“School district argues football coach’s postgame prayer pressured students” (Web, April 1) quotes a lawyer who says a public official may not do anything to “advance” religion. Under the Constitution, that dog doesn’t hunt.

The First Amendment to the Constitution, part of the Bill of Rights, says “Congress shall make no law respecting an establishment of religion.” The Supreme Court has long held that the Bill of Rights does not apply to the states, but the court has applied most of the Bill’s provisions to the states under a principle called the incorporation doctrine. Most provisions of the Bill of Rights apply to the states, the court says, by incorporation into the due process clause of the 14th Amendment, which says a state can’t “deprive” any “person” of “life, liberty or property” without due process of law.

The incorporation doctrine is dubious at best, but even if it’s sound, it can’t be applied to state support of religion that has no coercive effect. If a state gives money to a religious school, no person is deprived of life, liberty or property, as required by the 14th Amendment.
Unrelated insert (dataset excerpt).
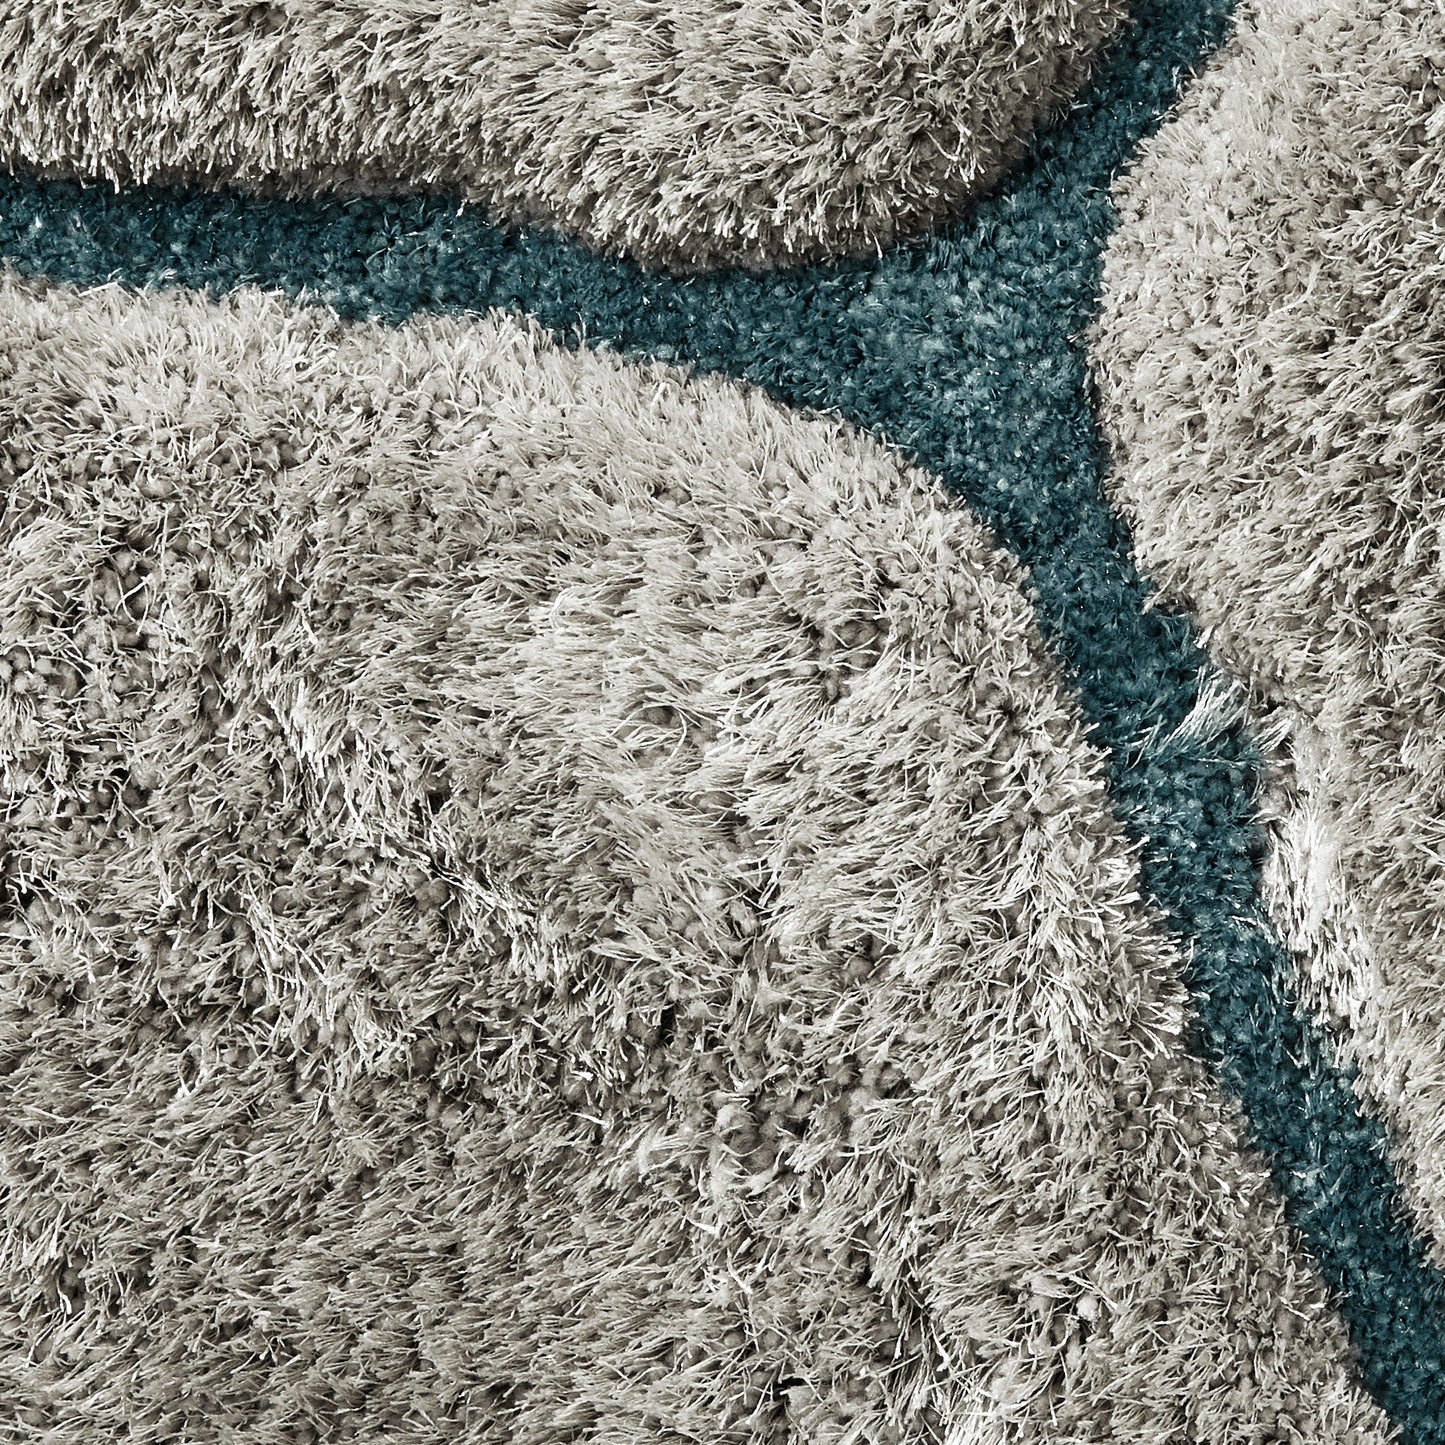 Kashyapa Rugs Collection - Grey & Aqua Geometric Hexagon Design Hand Tufted Modern Floor Rug

If a creche is erected in the public square, no person is deprived of life, liberty or property. The same holds true when a coach prays alone on a football field.



At a law school reunion a few years ago, I attended a constitutional law class conducted by Professor Laurence Tribe, who has written a multi-volume treatise on the Constitution. I approached him during the class intermission and advanced my establishment-clause argument. He agreed, though I doubt he’s ever put that agreement in writing.

Since 1947 the Supreme Court has invoked the incorporation doctrine to apply the establishment clause to the states. It is wrong on this score and should correct its error.